1) It doesn't take into account the chance to score a critical or special success. Using your example but changing the chance to hit to an even multiple of 5%: Cormac has a 65% chance to hit someone. So his chance to special is 13%. Since his chance to hit his intended target is also 13%, any hit he scores will also be a special. There's also no chance to special any of the other targets.

In most BRP games the idea of an "unintentional" special is a bit odd to say the least - the rule is I think however intended to be simple to administer...
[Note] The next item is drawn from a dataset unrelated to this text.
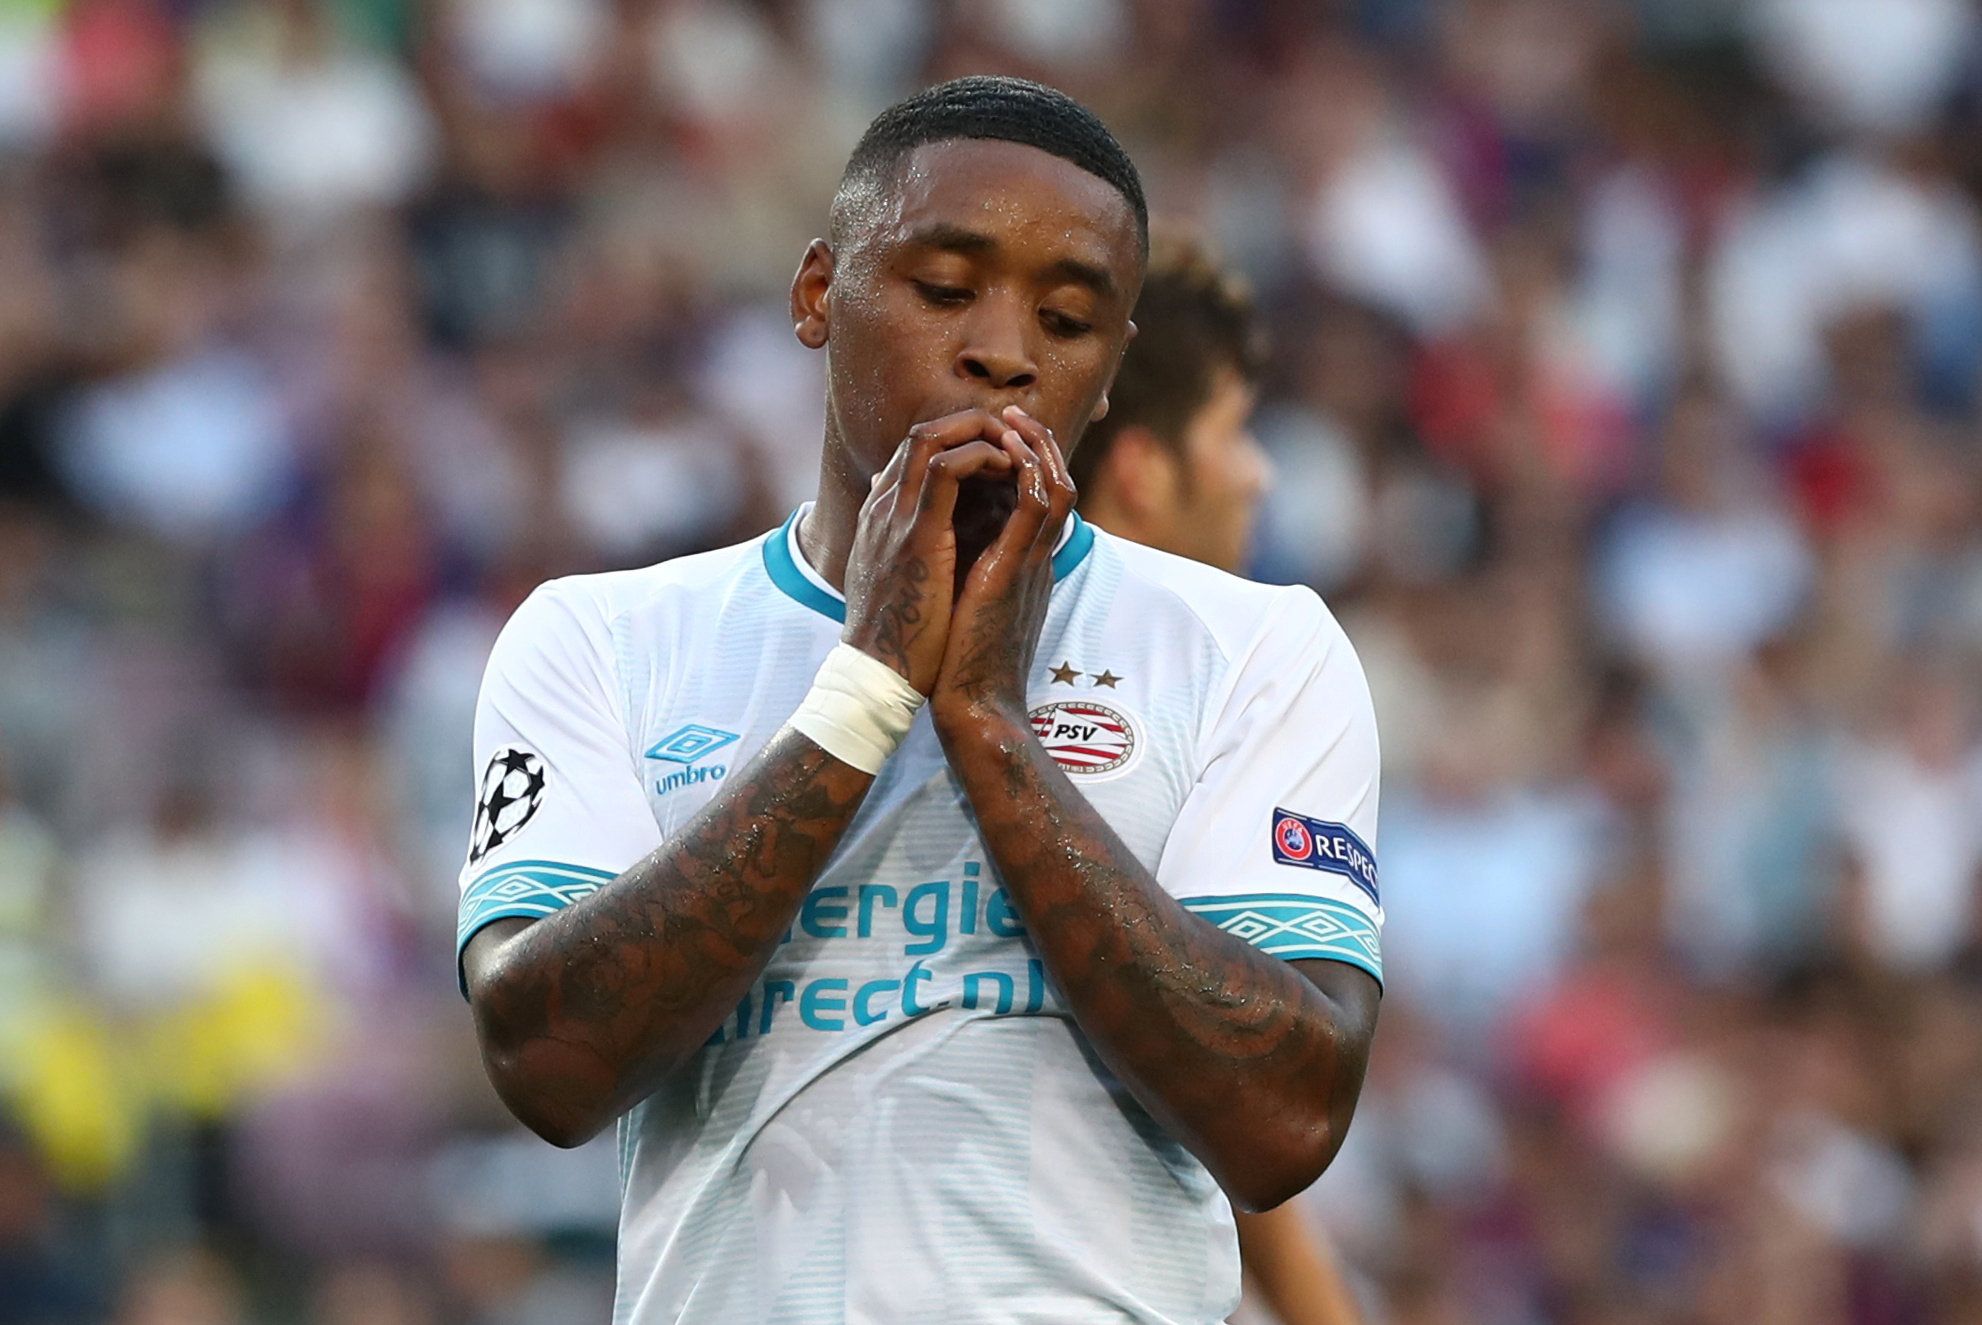 Soccer Football - Champions League - Group Stage - Group B - FC Barcelona v PSV Eindhoven - Camp Nou, Barcelona, Spain - September 18, 2018  PSV Eindhoven's Steven Bergwijn looks dejected   REUTERS/Sergio Perez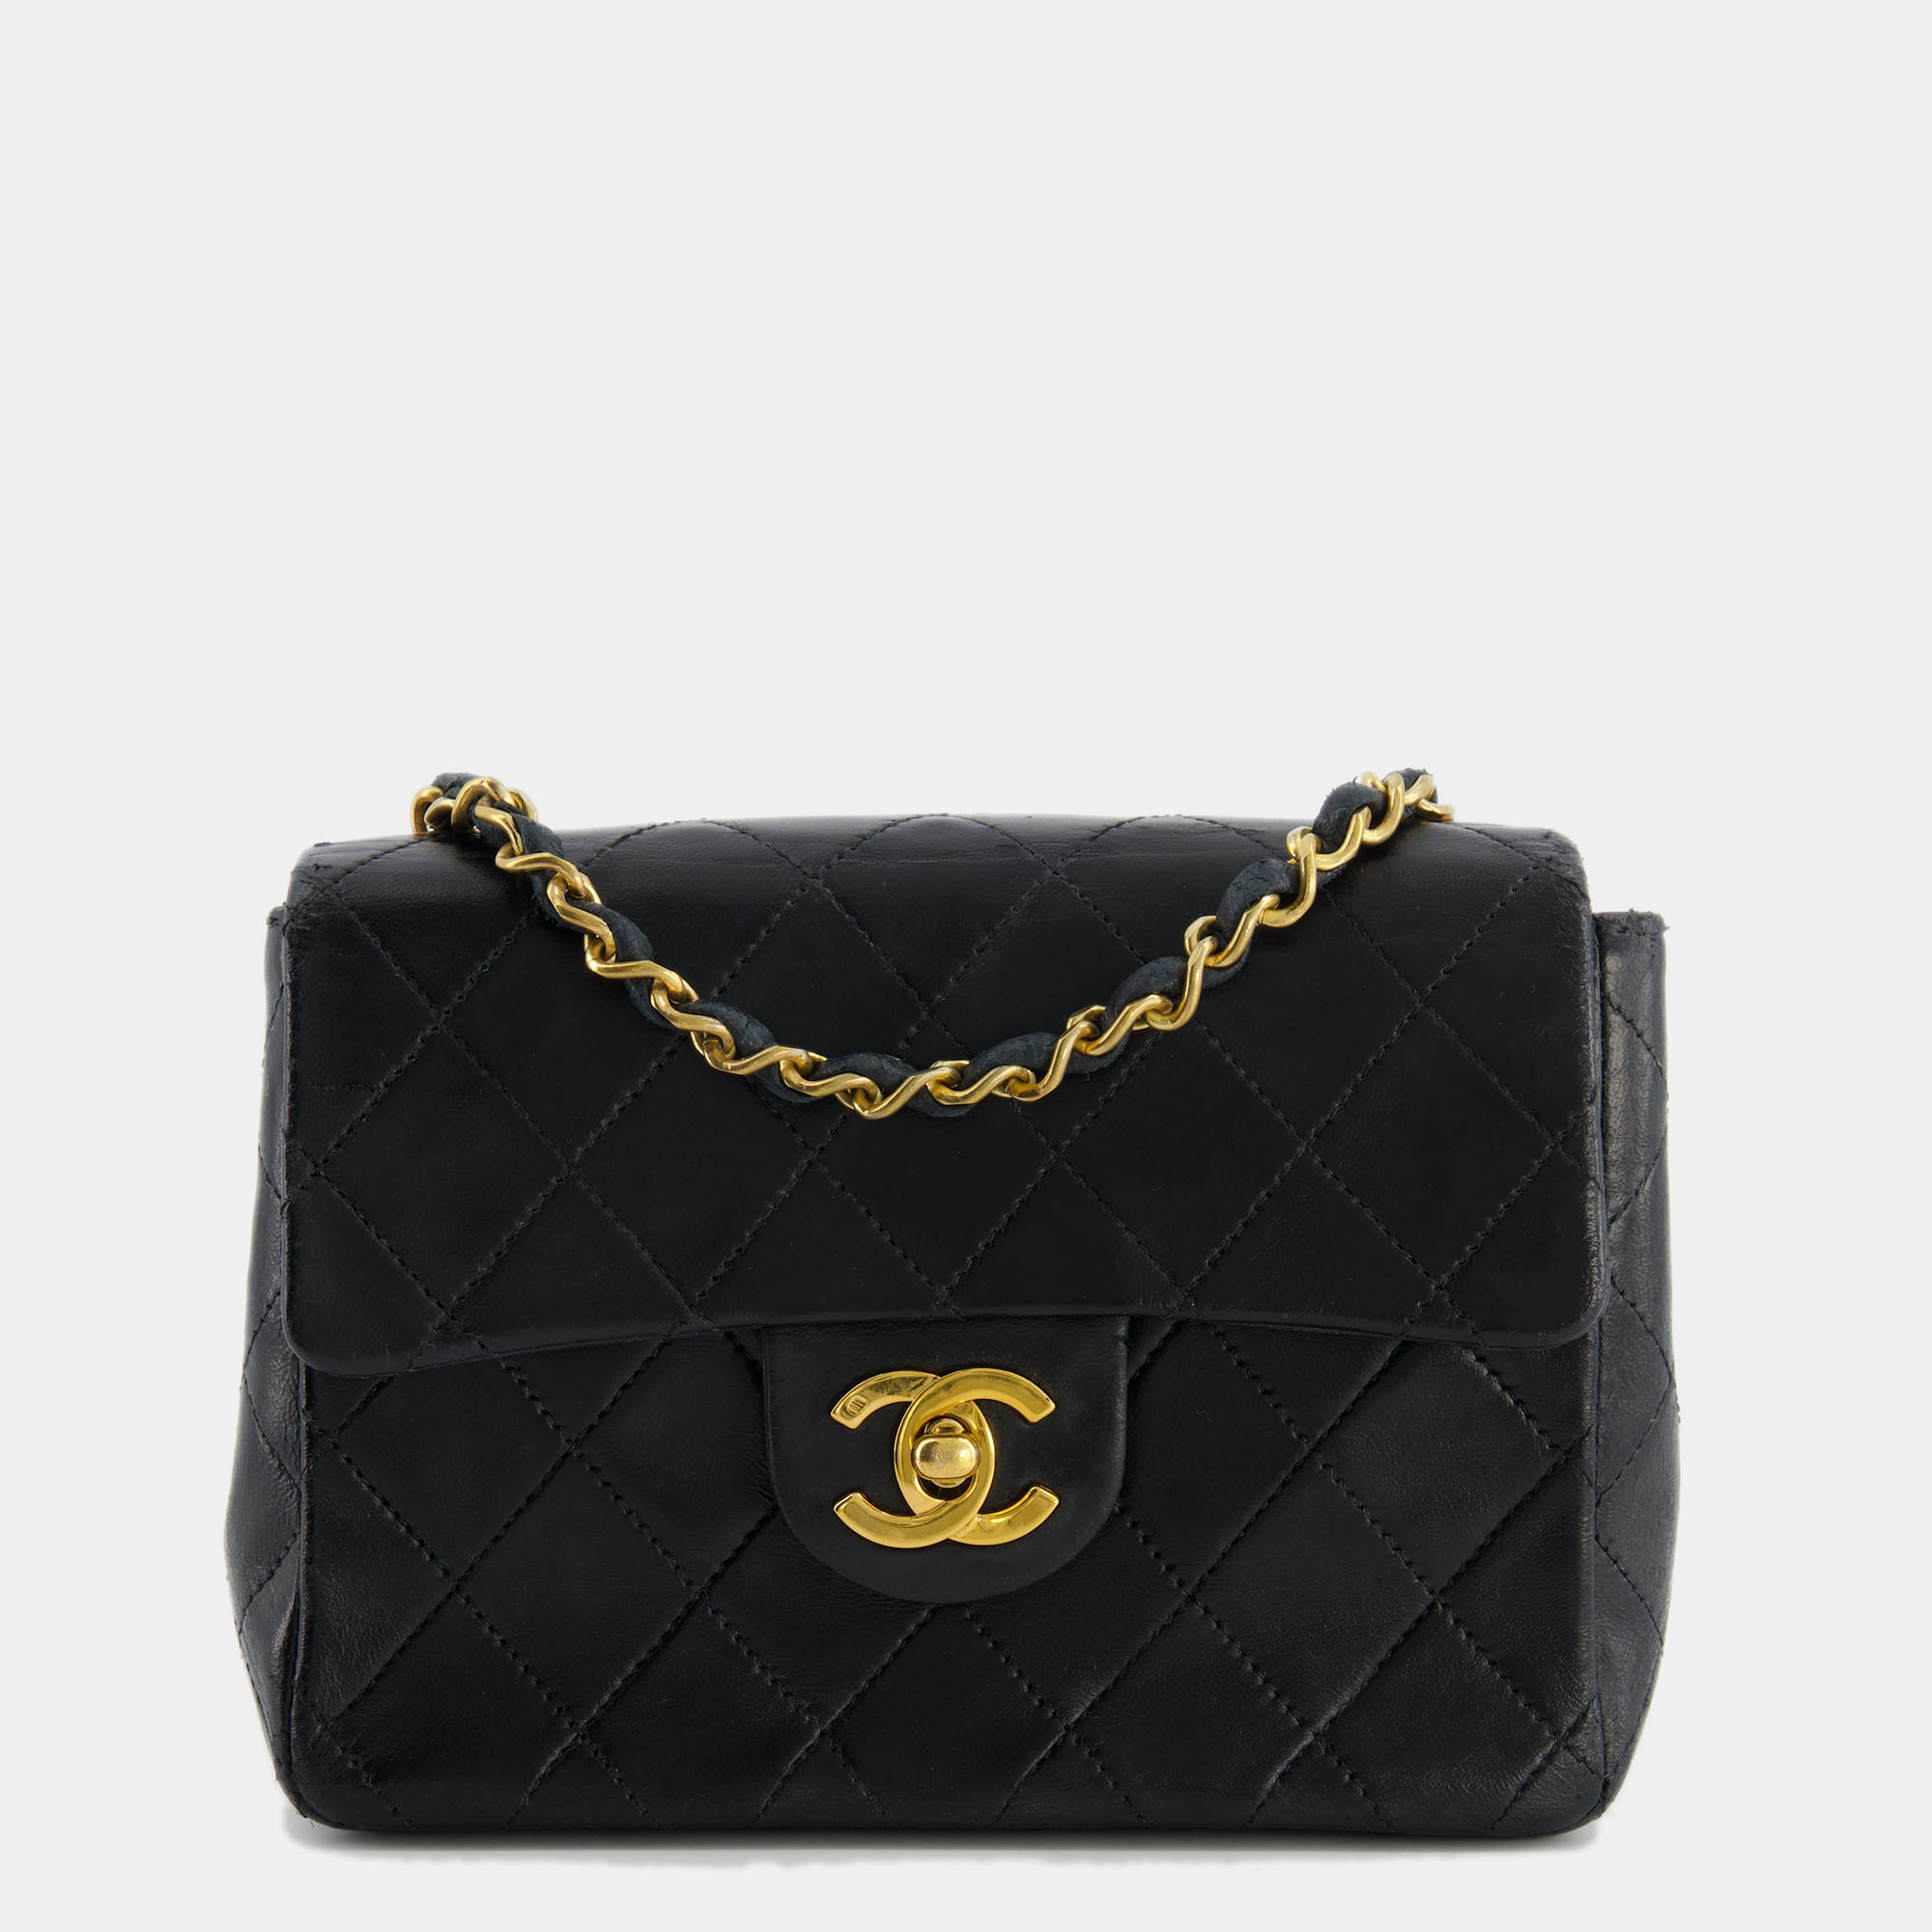 Chanel vintage black mini square bag in lambskin leather with 24k gold hardware

2) This method doesn't give any advantage to having a higher skill. No matter if I have a sling skill of 20%, or a sling skill of 100%... I will have an equal chance to hit any target in the group. The 100% skill should enable me to better pick out my intended target. In theory, if I am the best archer in the world, I should be able to hit my intended target nearly always even in the midst of a crowd.

Err, in a static crowd completely unaware of you but all entirely motionless,possibly - but the situation being discussed is shooting in to a melee - a mass of bodies moving quickly and erratically - with "bounded" skills I wouldn't let anyone pick their target in a melee (with unbounded skills I'd consider it but it would be an exceptional ability requiring VERY high skill).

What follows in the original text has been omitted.